O terceiro encontro, realizado na terça-feira, 20, em Santa Terezinha de Itaipu, apresentou a temática “Adolescência e Diversidades”. O encontro contou com a participação de profissionais das áreas de saúde, assistência social e educação, que trabalham diretamente com adolescentes. Juntos, os profissionais puderam trocar experiências e elaborar estratégias acerca do tema.

Segundo a analista técnica do projeto e responsável por conduzir os módulos, Cintia Cruz, o objetivo do projeto é fortalecer as políticas públicas de saúde na região da tríplice fronteira. “Hoje, estamos realizando o terceiro encontro de um total de dez, com intuito de buscar as melhores soluções com foco no acolhimento desses adolescentes, contribuindo para que as e os jovens, além de exercerem os seus direitos sexuais e reprodutivos com informação e segurança, possam desenvolver habilidades para vida e alcancem seus plenos potenciais”, destacou.

A diretora de Saúde de Santa Terezinha de Itaipu, Eliane Brambatti, acrescentou que “a partir da capacitação a equipe da Secretaria de Saúde irá ampliar o atendimento e acolhimentos aos adolescentes, por meio da troca de experiência, adotando uma nova forma de olhar para esse público”, garantiu.

A enfermeira Denize Boaretto Kaefer trabalha com o atendimento direto as adolescentes no município de Missal. Para ela, é fundamental a troca de informações e experiências de diferentes setores sobre o tema para que os profissionais estejam preparados para atender adolescentes de maneira adequada. “Acho extremamente válido os encontros, pois é um momento em que podemos refletir sobre o que vem sendo realizado em nosso município, além de levar novas idéias por meio do conhecimento adquirido durante a capacitação”, ressaltou.

Sobre o projeto – Ao todo, 51 municípios que integram a Associação dos Municípios do Oeste do Paraná (Amop), fazem parte do projeto. As capacitações estão sendo realizadas em regiões distintas, para que os grupos de participantes sejam mais reduzidos e os debates tenham maior participação dos profissionais. As oficinas fazem parte do eixo “Saúde”.

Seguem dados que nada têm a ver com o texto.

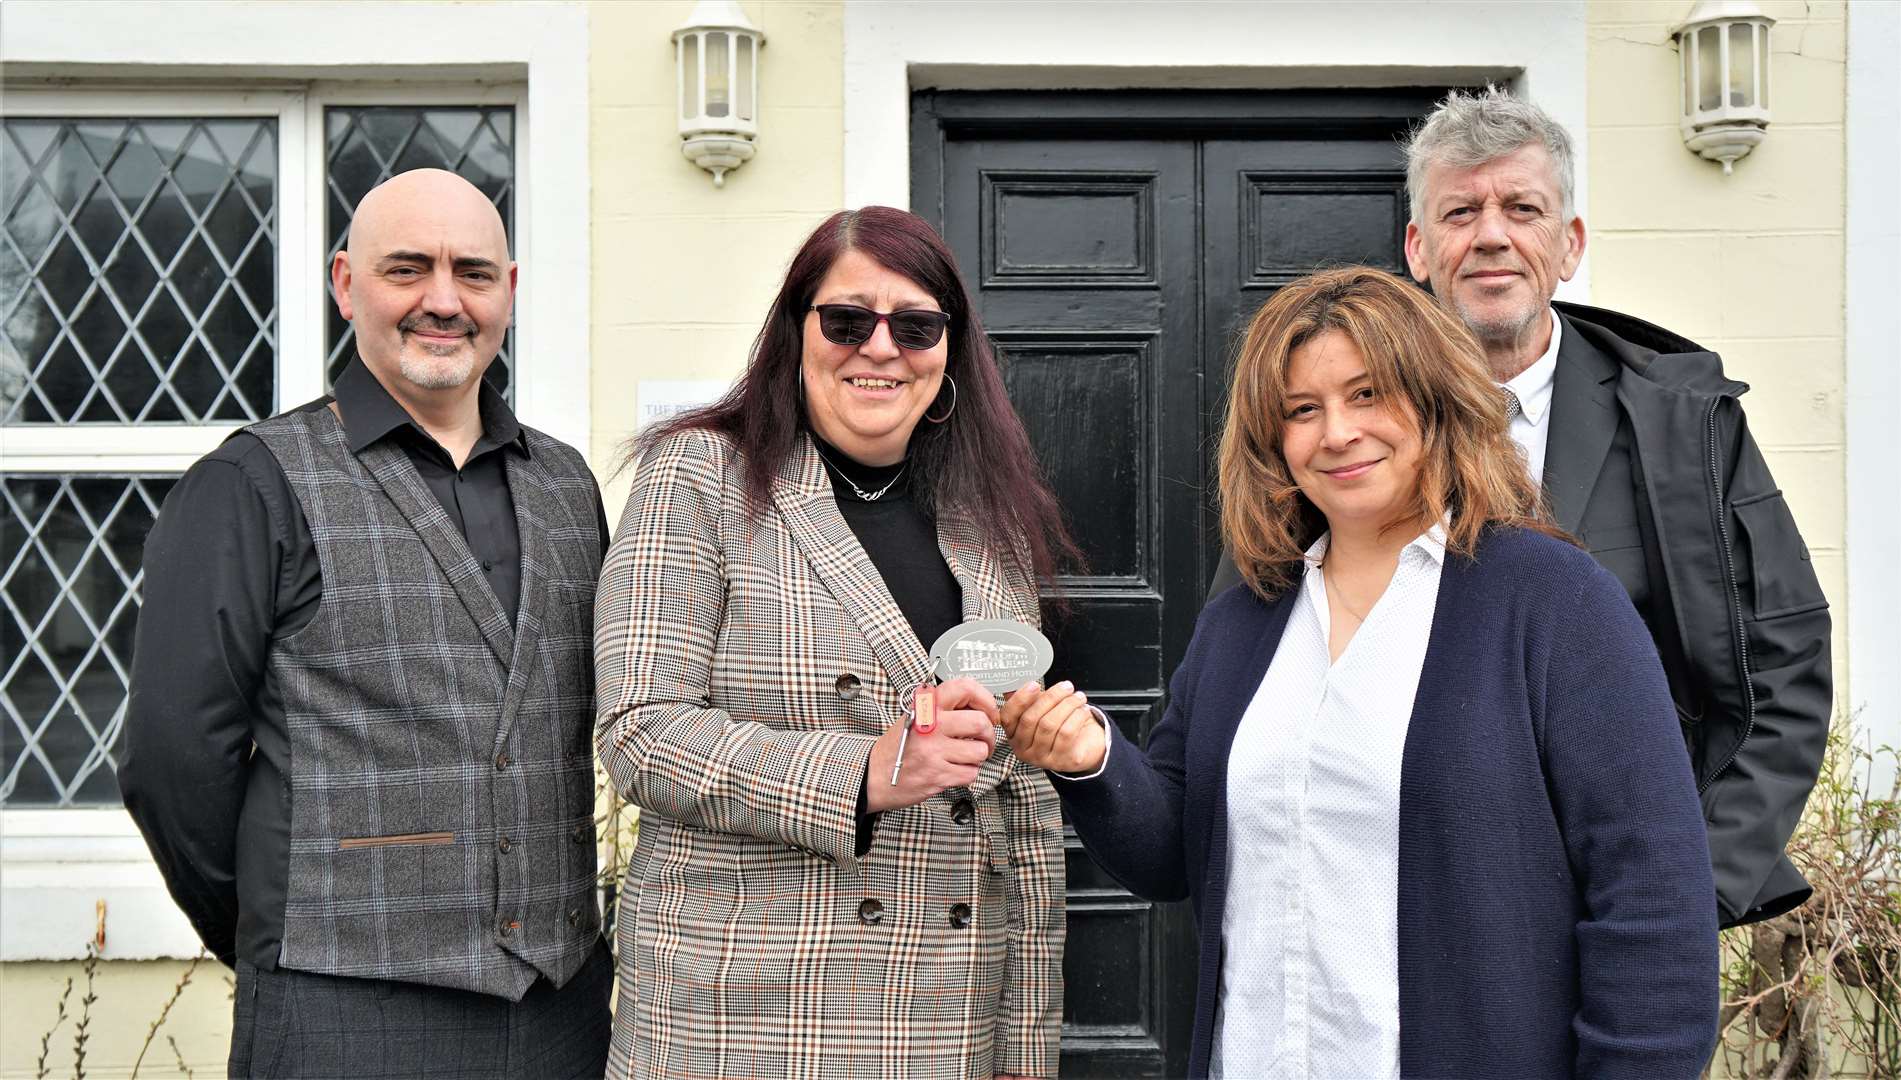 Previous owners of the Portland Hotel Steven Swan and his sister Sharn, at left, hand over the hotel keys to Jeff Harling and his wife Sam Mofttah. Picture: DGS
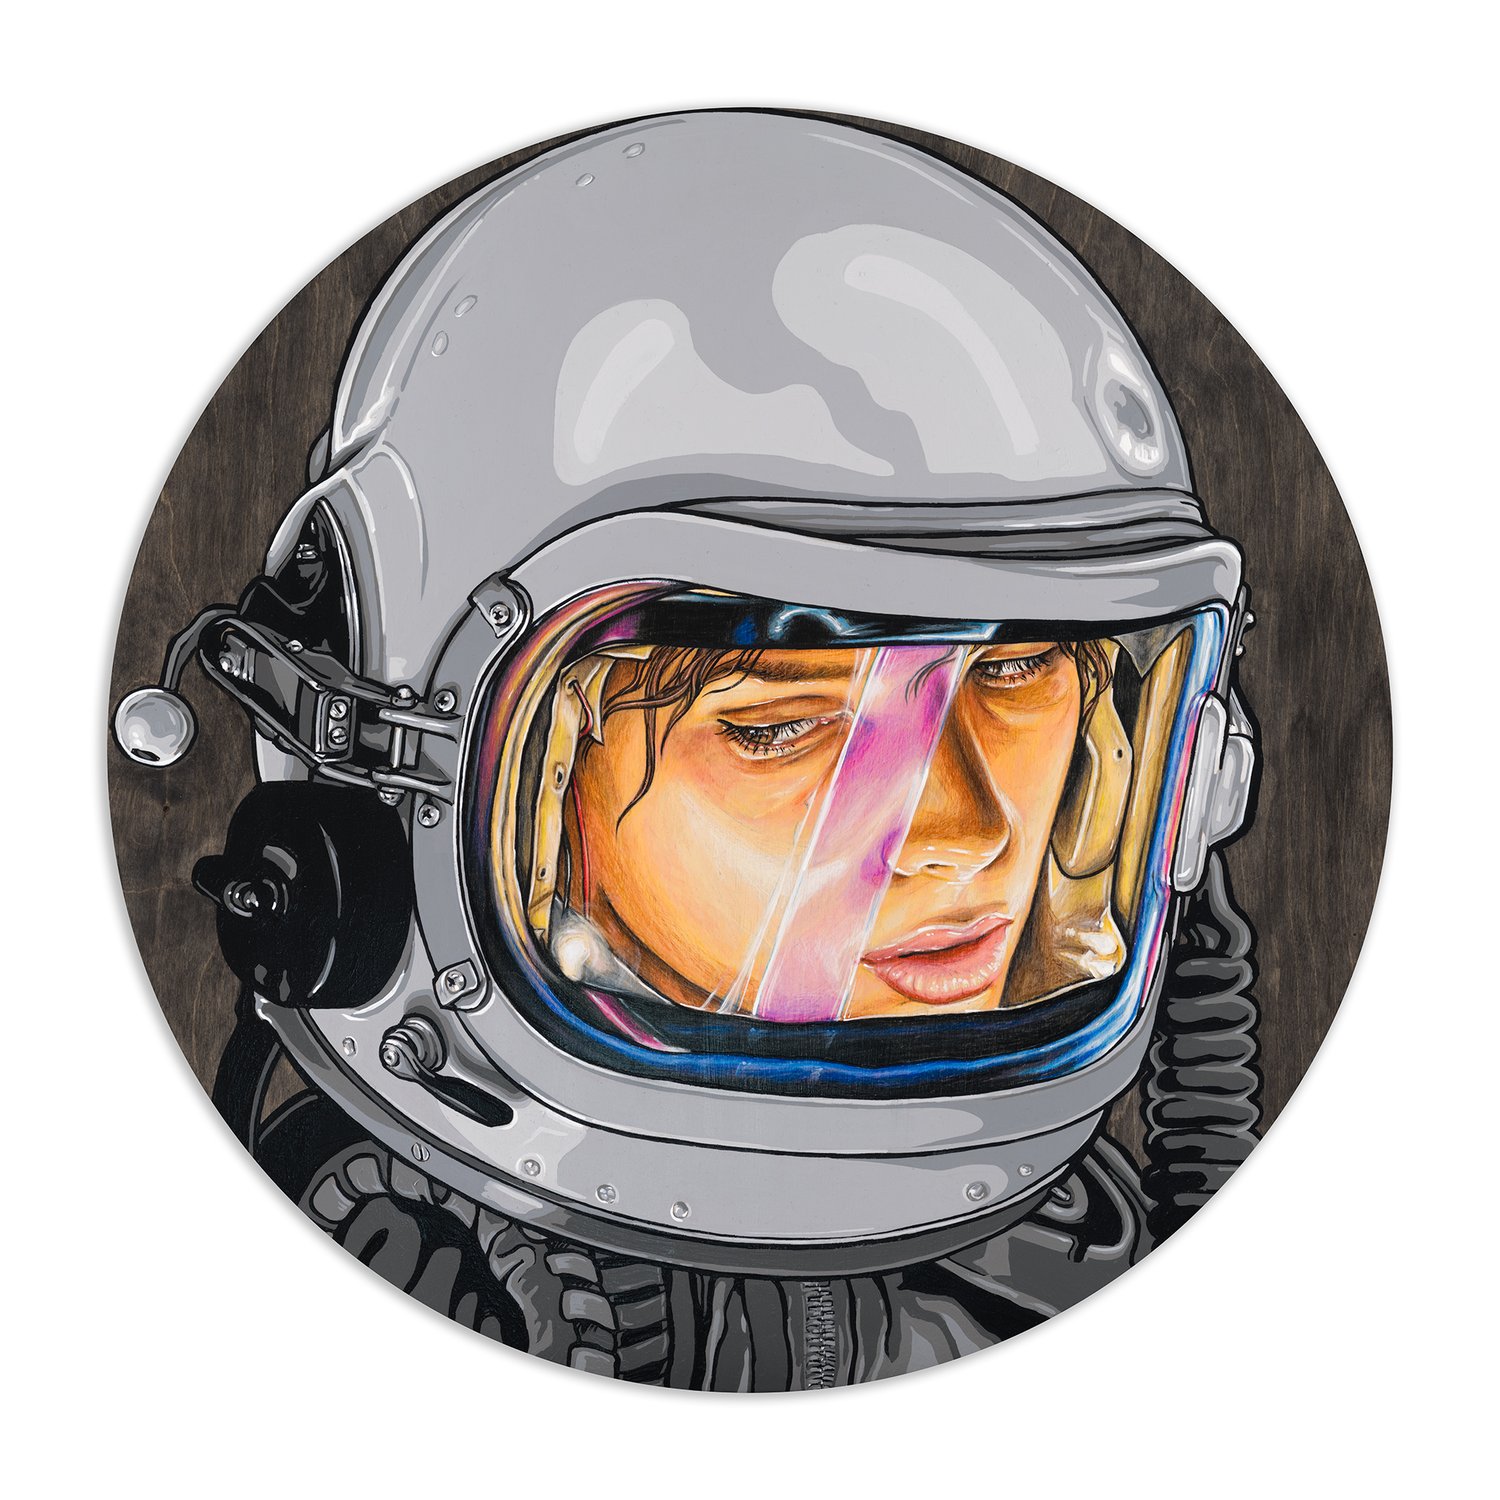 It's Lonely Out in Space by Ella Nilsson - Fine Art Print

Iniciado em 2018, o projeto também prevê ações em educação, gestão do conhecimento e comunicação. As ações têm foco no desenvolvimento socioeconômico da região, criando e ampliando oportunidades para que adolescentes e jovens contem com serviços acolhedores de saúde e com profissionais preparados, e tenham garantidas condições de ampliar suas habilidades para a vida e competências socioemocionais.